• Exercise data
- - - - -
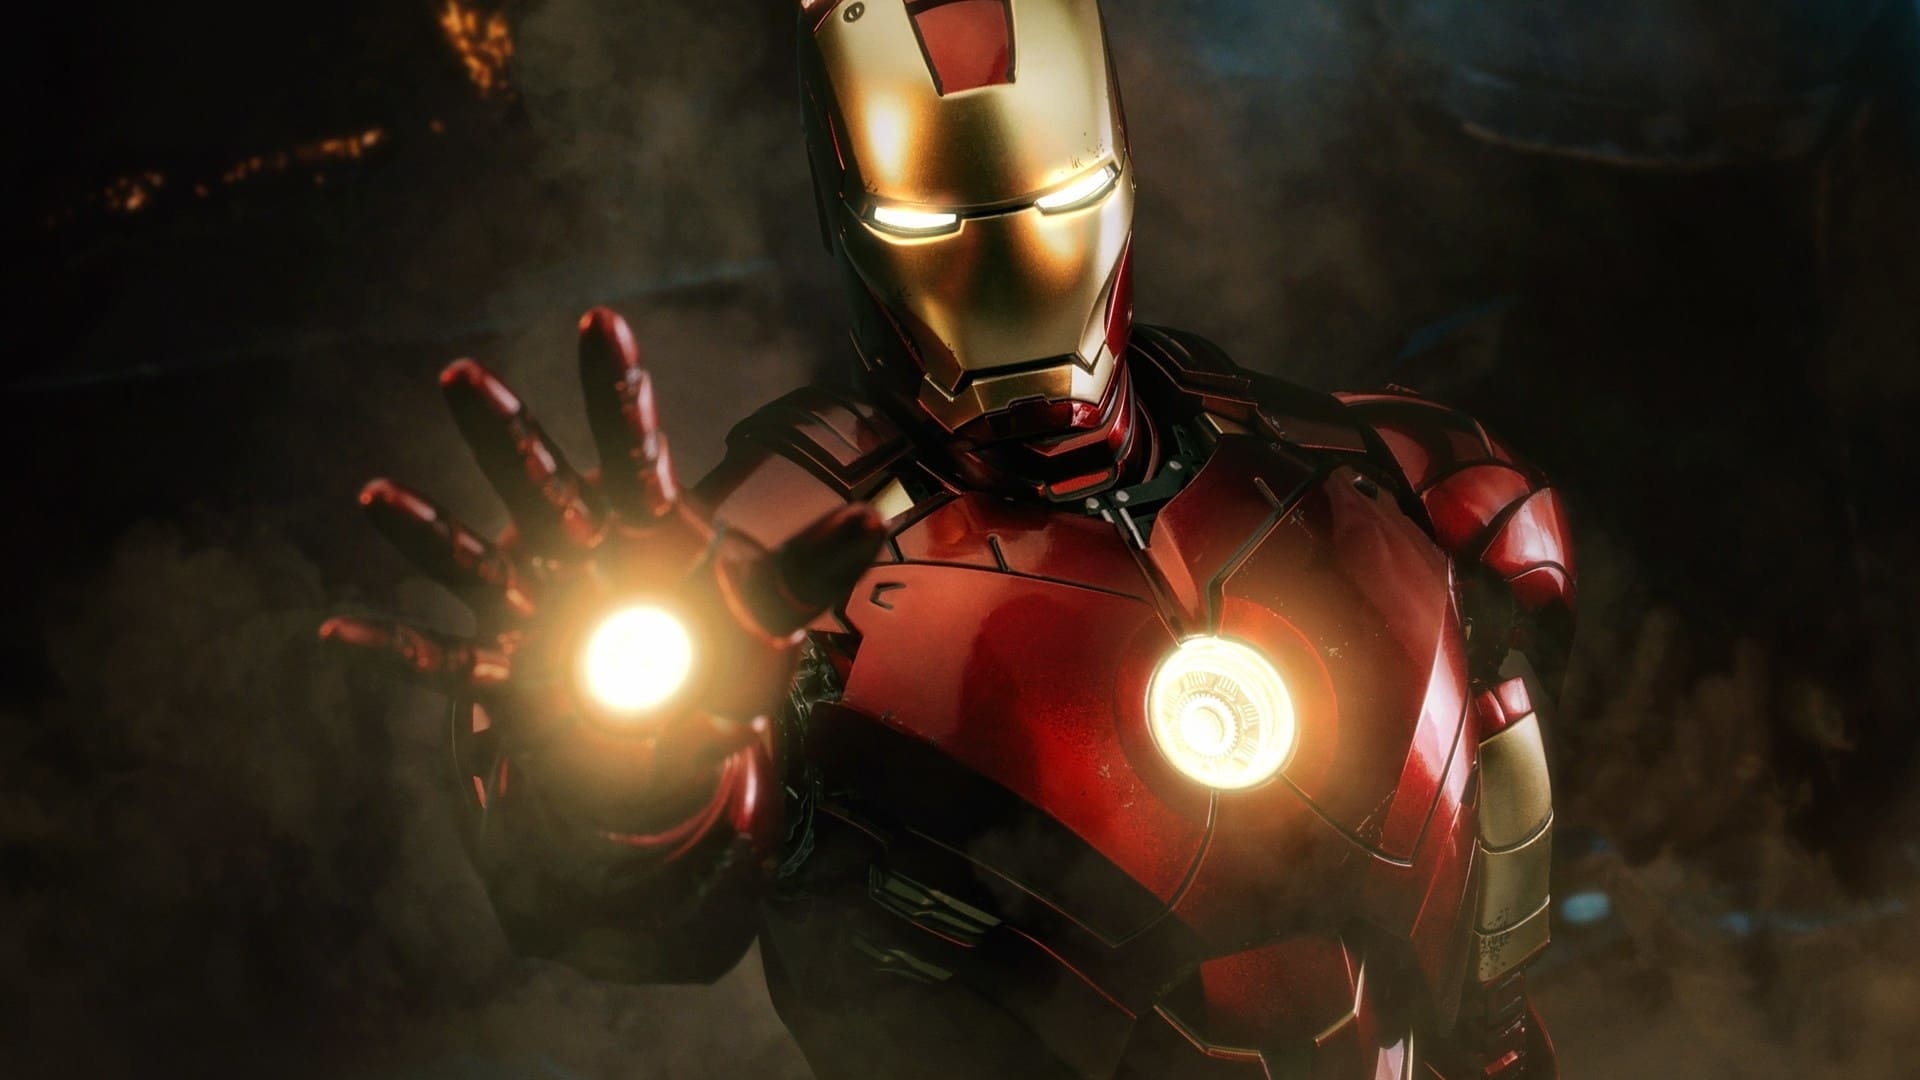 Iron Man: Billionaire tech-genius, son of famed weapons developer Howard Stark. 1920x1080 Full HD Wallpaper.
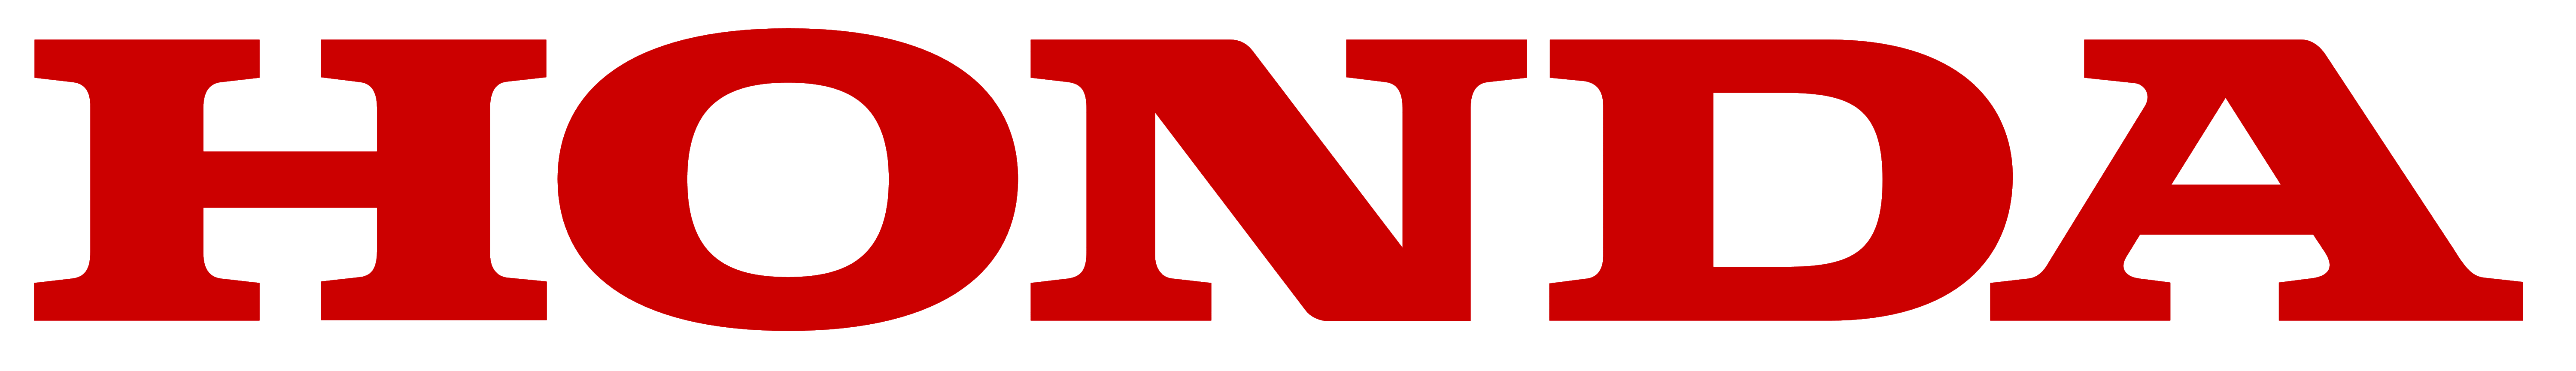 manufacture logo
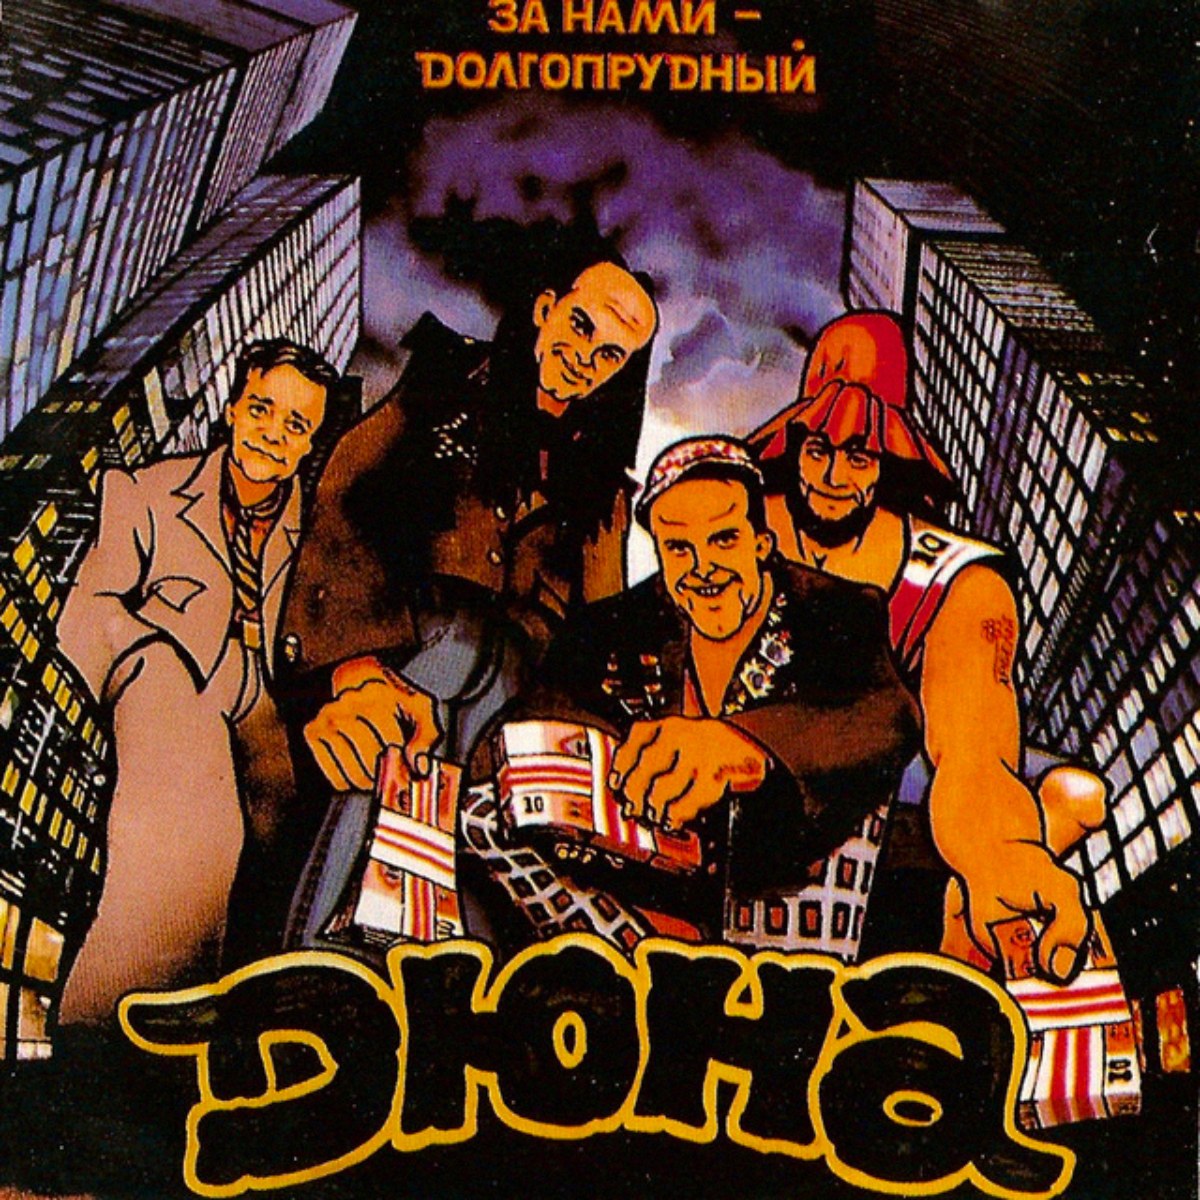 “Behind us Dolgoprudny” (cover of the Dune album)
- - - - -
• Task description
What this calls for is the material above set down exactly, pictures excluded.

• Answer section
 Iron Man: Billionaire tech-genius, son of famed weapons developer Howard Stark. 1920x1080 Full HD Wallpaper.
 manufacture logo
 “Behind us Dolgoprudny” (cover of the Dune album)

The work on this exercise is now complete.